I will finish my rant off with a loud sigh and a link:


----------



## Giant Fossil Penguin (Apr 11, 2009)

Azhag simply had to be metal. As an Orc, only a small number, comparitively, are going to buy it. This means making a plastic mould would be too expensive for the number of models that would be made/sold. It is also a named character model, and I think they are all metal, aren't they? Maybe not, I'm not sure on that. The model is also the biggest metal model that GW make, so it's going to be expensive.
Apart from economics, I think it is a fine model. It looks awesome and I'll be getting one, probably for Christmas or my birthday. And lets not forget, SH is a limited release; after that has gone, Azhag will still be there. 
As a compariter, just to go back to the deadly cash again, look at the Greatswords. If they had been metal, I bet they would have been cheaper. The global economic problems surfaced after GW had paid for the plastic moulds; the numbers they were projected to sell fell dramatically and so we end up with a kit that had to rise hugely in price so that the company, which has been tidying its finaces quite well recently, stood a chance of recouping its money. I think that we all have to bear in mind that there are a huge amount of 'hidden' factors that contribute to the final price of a model, be it plastic or metal. No company that has any hope of staying in business will gouge its customers just for the hell of it. GW don't charge what they do because they just feel like it and I think we, as hobbyists, need to be realistic when we have pricing discussions and look beyond out intial kneejerk reactions to prices that seem high. Only if we do this will we be able to work out wether we are actually getting value for our money. Personally, I think we are. (And this is my opinion based on my experiences- it is neither right nor wrong.)
My $8.36

GFP


----------



## NagashKhemmler (Apr 28, 2009)

Giant Fossil Penguin said:


> Azhag simply had to be metal. As an Orc, only a small number, comparitively, are going to buy it. This means making a plastic mould would be too expensive for the number of models that would be made/sold. It is also a named character model, and I think they are all metal, aren't they? Maybe not, I'm not sure on that. The model is also the biggest metal model that GW make, so it's going to be expensive.
> Apart from economics, I think it is a fine model. It looks awesome and I'll be getting one, probably for Christmas or my birthday. And lets not forget, SH is a limited release; after that has gone, Azhag will still be there.
> As a compariter, just to go back to the deadly cash again, look at the Greatswords. If they had been metal, I bet they would have been cheaper. The global economic problems surfaced after GW had paid for the plastic moulds; the numbers they were projected to sell fell dramatically and so we end up with a kit that had to rise hugely in price so that the company, which has been tidying its finaces quite well recently, stood a chance of recouping its money. I think that we all have to bear in mind that there are a huge amount of 'hidden' factors that contribute to the final price of a model, be it plastic or metal. No company that has any hope of staying in business will gouge its customers just for the hell of it. GW don't charge what they do because they just feel like it and I think we, as hobbyists, need to be realistic when we have pricing discussions and look beyond out intial kneejerk reactions to prices that seem high. Only if we do this will we be able to work out wether we are actually getting value for our money. Personally, I think we are. (And this is my opinion based on my experiences- it is neither right nor wrong.)
> My $8.36
> ...


GW rises their prices on a range from 10-20x the rate of inflation, even raising prices in an economic downturn (no one else does). Other companies make similar quality minatures and yet charge drastically less. GW IS price gouging, GW is exploiting the loyalty of its customers, these two aspects are pure fact.
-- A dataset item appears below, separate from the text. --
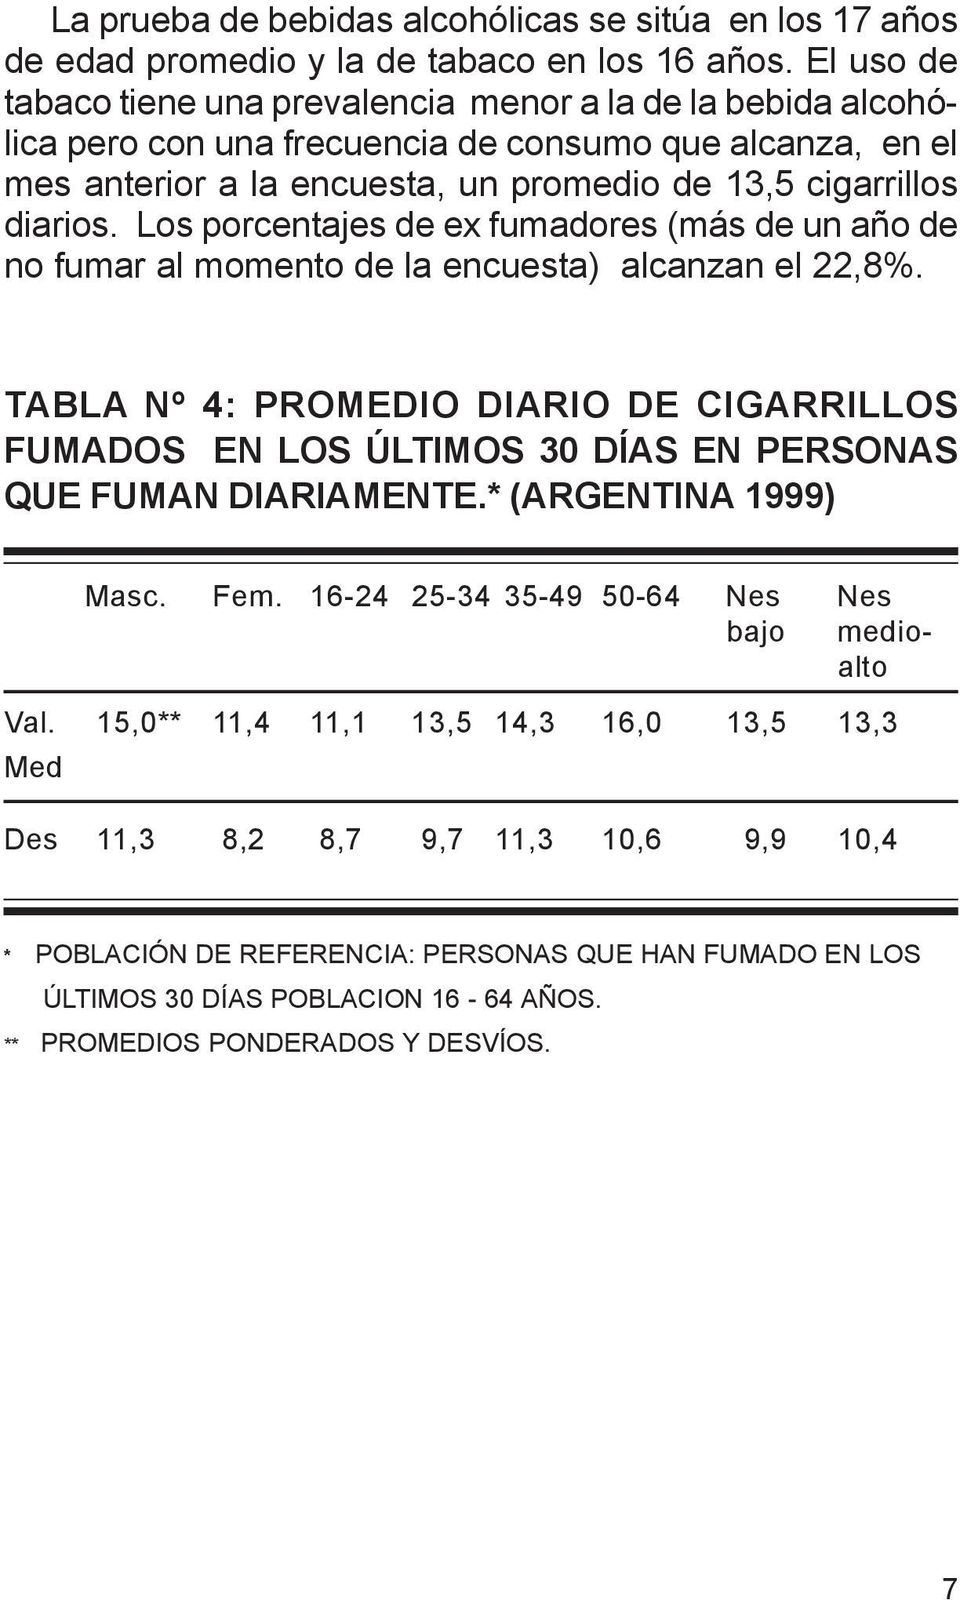 Los porcentajes de ex fumadores (más de un año de no fumar al momento de la encuesta) alcanzan el 22,8%.

What does it cost them per sprue all costs included? Something like 5c, it's their own stupid decisions which eat in to profits.

When plastics were new to GW, you used to get, for example a box of 20 skeletons for $20 AUD, now you get 10 skeletons for more than double that price. That's in the space of 8 years. From $1 a skeleton, to $5 a skeleton....500% price increase in 10 years? Give me a damn break, they 'need' to do that like I need a hole in the head and rest assured I don't need it. Inflation here is roughly 5%, give or take as an average, GW is increasing their price by let's say, 50% a year on my poor old skeleton. This means they're raising prices at 10x the rate of inflation in a simple calculation (I could go more in depth of just how big an asshole they're being to their long term fan base but that would be wrong....or how stupid their business acumen is....).


----------



## JokerGod (Jan 21, 2009)

NagashKhemmler said:


> GW rises their prices on a range from 10-20x the rate of inflation, even raising prices in an economic downturn (no one else does). Other companies make similar quality minatures and yet charge drastically less. GW IS price gouging, GW is exploiting the loyalty of its customers, these two aspects are pure fact.
> 
> What does it cost them per sprue all costs included? Something like 5c, it's their own stupid decisions which eat in to profits.
> 
> When plastics were new to GW, you used to get, for example a box of 20 skeletons for $20 AUD, now you get 10 skeletons for more than double that price. That's in the space of 8 years. From $1 a skeleton, to $5 a skeleton....500% price increase in 10 years? Give me a damn break, they 'need' to do that like I need a hole in the head and rest assured I don't need it. Inflation here is roughly 5%, give or take as an average, GW is increasing their price by let's say, 50% a year on my poor old skeleton. This means they're raising prices at 10x the rate of inflation in a simple calculation (I could go more in depth of just how big an asshole they're being to their long term fan base but that would be wrong....or how stupid their business acumen is....).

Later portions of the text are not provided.